Nuclear weapons are once again a central feature of international politics, particularly in regions where the United States is most likely to be drawn into conflict: the Korean Peninsula, the Taiwan Strait, Eastern Europe, and the Persian Gulf. U.S. adversaries in these areas are actively acquiring, enhancing, or threatening to use nuclear weapons to compensate for weaknesses in their conventional military forces.

  • North Korea is developing intercontinental ballistic missiles capable of reaching the United States.

  • China is in the process of doubling the size of its nuclear arsenal.

  • Russia is overtly threatening nuclear weapon use in its war against Ukraine.

  • Iran, according to U.S. officials, has amassed enough fissile material for a nuclear bomb.

Despite these developments, a faction of "optimists" in the United States argues that the risk of nuclear war remains low. Their reasoning is that threats of nuclear escalation from conventionally weak states are not credible and are therefore bluffs. This viewpoint holds that giving credence to such "nuclear bluster" plays into the hands of these adversaries.

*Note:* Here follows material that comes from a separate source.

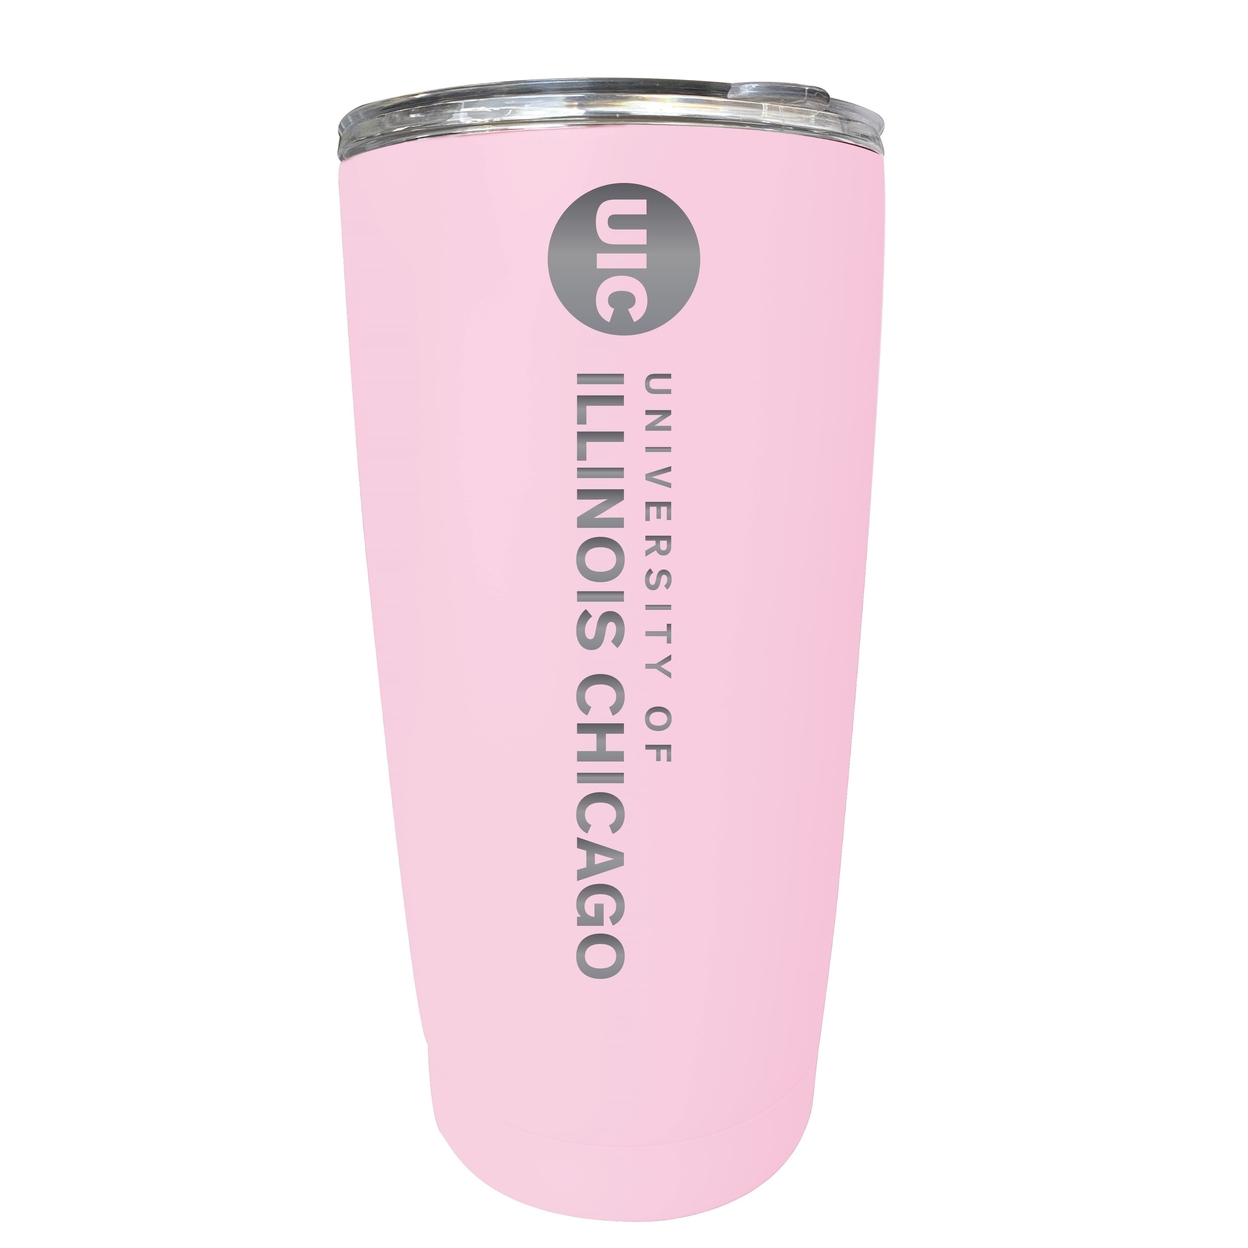 University Of Illinois At Chicago 16 Oz Stainless Steel Etched Tumbler - Choose Your Color - Pink
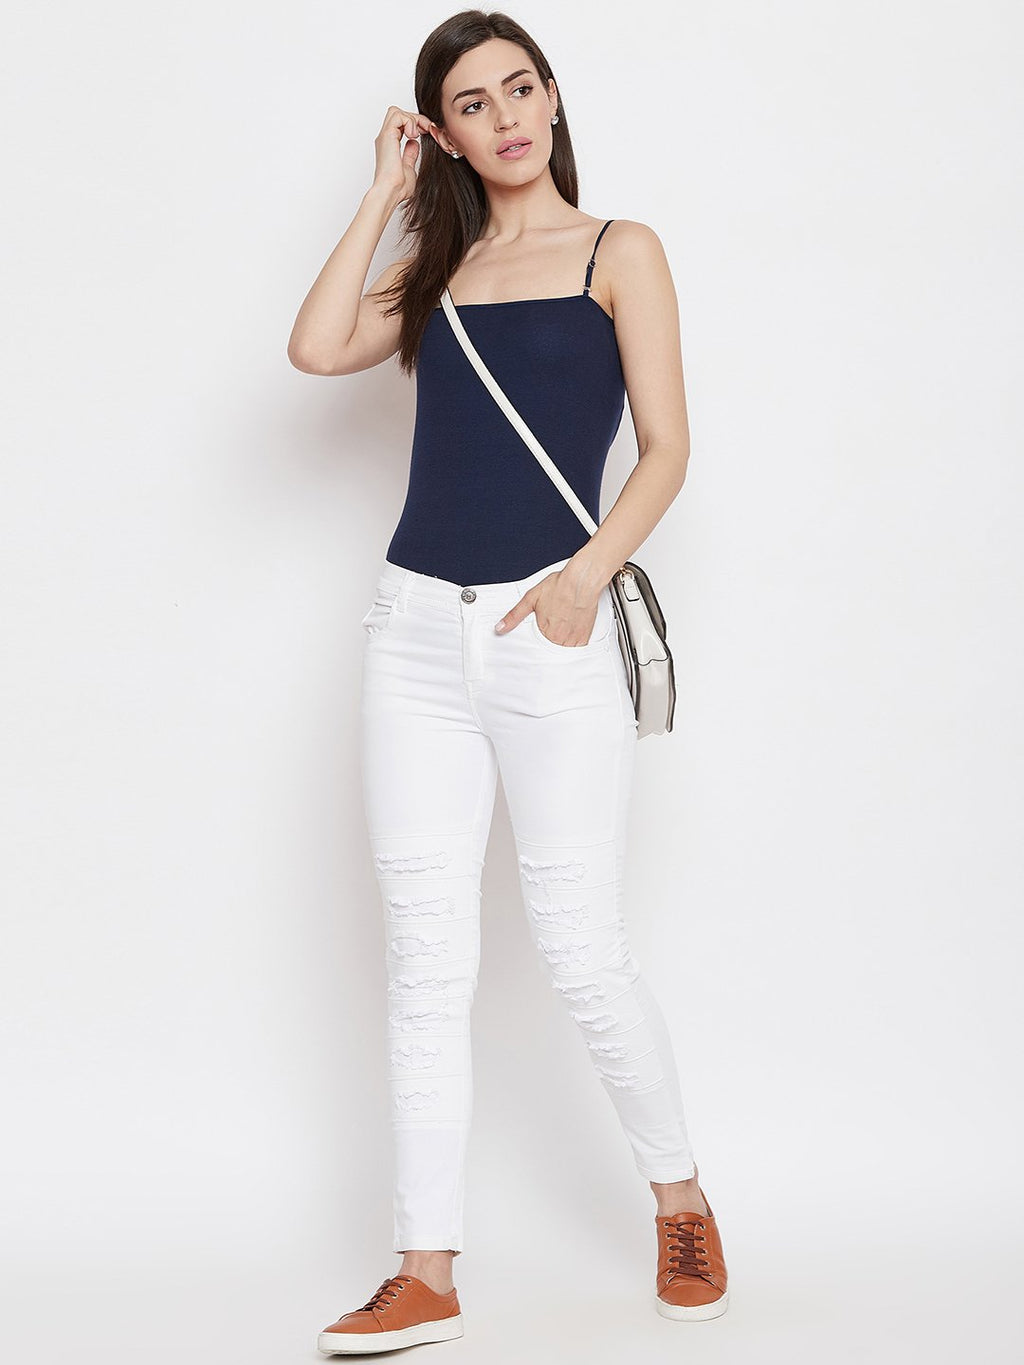 Distressed Stretchable White Jeans - NiftyJeans

However, this assessment is dangerously flawed. The risk of nuclear escalation is much greater than appreciated because these adversaries are successfully employing a strategy developed decades ago by the West to solve the exact same problem: how to convincingly threaten a nuclear-armed opponent from a position of conventional weakness.

2. The Original Playbook: NATO's Cold War Strategy of Coercive Escalation

During the Cold War, particularly in the late 1950s, NATO faced a significant conventional military imbalance, with Warsaw Pact forces outnumbering them by approximately three to one in manpower. NATO’s initial strategy of responding to a Soviet invasion with an all-out U.S. nuclear strike became untenable once the Soviet Union developed a robust retaliatory nuclear capability. This left NATO with a "lose-lose choice": either lose a conventional war or initiate a mutually catastrophic nuclear exchange.

To solve this conundrum, NATO developed a strategy of coercive nuclear escalation.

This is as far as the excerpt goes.